なので、見なかったことにしてあげましょう。これは皆のため。
【プレイヤー】
う、うう…
(女性が手に握るペンダントを【プレイヤー】の目の前に近づける。手の甲を傾けるとペンダントがゆっくり左右に揺れる。)
怪しい女性
怪しい女性
生命の想念よ。記憶になる前の太初の空気に戻れ…
(女性の言葉と共にペンダントから濃い影が流れてくる。そして【プレイヤー】の周りに残っていた光をそのまま飲み込んでしまう。)

クロリス
聖堂は少し遠いので最後に行きましょう。
【プレイヤー】
…?
【プレイヤー】
(なんだ?既視感がある…)
クロリス
【プレイヤー】さん、どうしました?
【プレイヤー】
私達はここで森の風景を見ていましたよね?
クロリス
ええ。他のことでも考えていましたか?
【プレイヤー】
そういうわけではありませんが…ここに何かがいた気がします。あれ?これはなんだ?
(【プレイヤー】の足元に落ちていたものをクロリスが拾う。

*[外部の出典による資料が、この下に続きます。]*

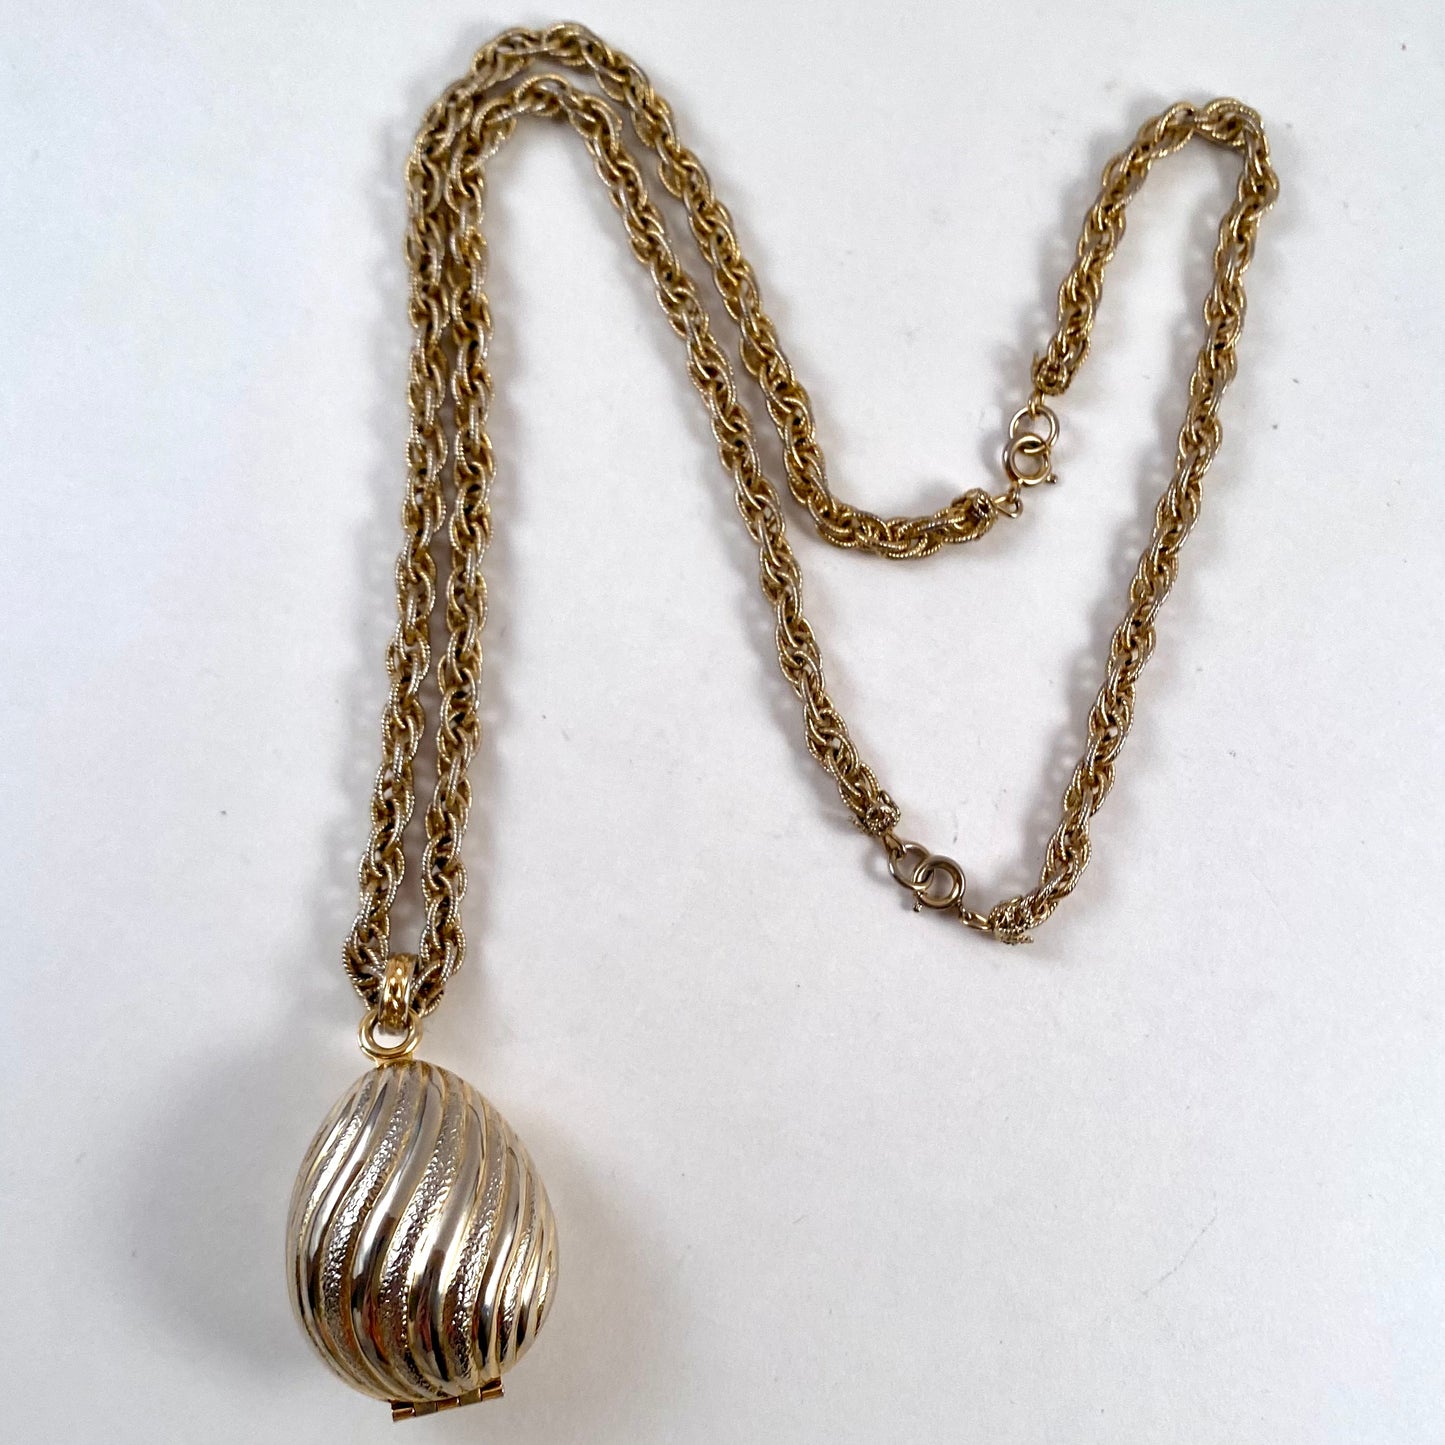 1968 Avon Golden Charmer Glace Necklace

)
クロリス
手紙…
【プレイヤー】
名前が書かれています。
クロリス
友達であり兄弟であるノトスより…ノトスからゼフィへの手紙ですね。
【プレイヤー】
ということはゼフィロスがここにいたってことですよね…あれ?え!
【プレイヤー】
なにかおかしなことに気づきませんか?
クロリス
何がですか?
【プレイヤー】
ルートンとコーレンはゼフィロスさんを覚えていませんでした。何か知っているような雰囲気でしたが、思い出せないと話していました。
クロリス
そうですね。あれ?
クロリス
クロリス
私今の今まで気づいていませんでした。それと、ここに小さな女の子がいましたよね?
【プレイヤー】
女の子ですか?
(頭の中で謎の人が浮かんで一瞬で消える。)
【プレイヤー】
モード…レッド?モードレッドと言ってました。
あ、わかりました。急に現れて私を錠…、鍵…って呼んでて…
【プレイヤー】
そしてモードレッドが被っていたのは間違いなくバイスの兜…
クロリス
落ち着いてください…何があったのか覚えていますか?
【プレイヤー】
はい、思い出せました。女の子を探しに来た一行がいたんですが…
【プレイヤー】
(クロリスに思い出した記憶をすべて伝える。)
クロリス
やっとわかりました。ペンダントを持っている女性は私達が自分たちに会った記憶を消しました。
クロリス
同じように、村人たちにもゼフィを思い出せないようにしたのでしょう。
クロリス
クロリス
モードレッドという子がこの手紙を落としたのがわざとなのかどうかはわかりませんが…
これを見つけて私達が消された記憶を思い出せるようになったのです。
クロリス
この手紙に魔力が残っていてよかったです…
【プレイヤー】
急いであの人達を探してみましょう。他の人に危険が及ぶかもしれません。
クロリス
はい。あそこ、あそこから行きましょうか。あそこから強力な魔力を感じます。
(クロリスが指をさすと、森の奥から湿っぽい風が吹いてくる。)
【プレイヤー】
あそこに私達を歓迎しない一行がいるみたいですね。
クロリス
はい…覚悟して行きましょう。
【プレイヤー】
そうですね、行きましょう。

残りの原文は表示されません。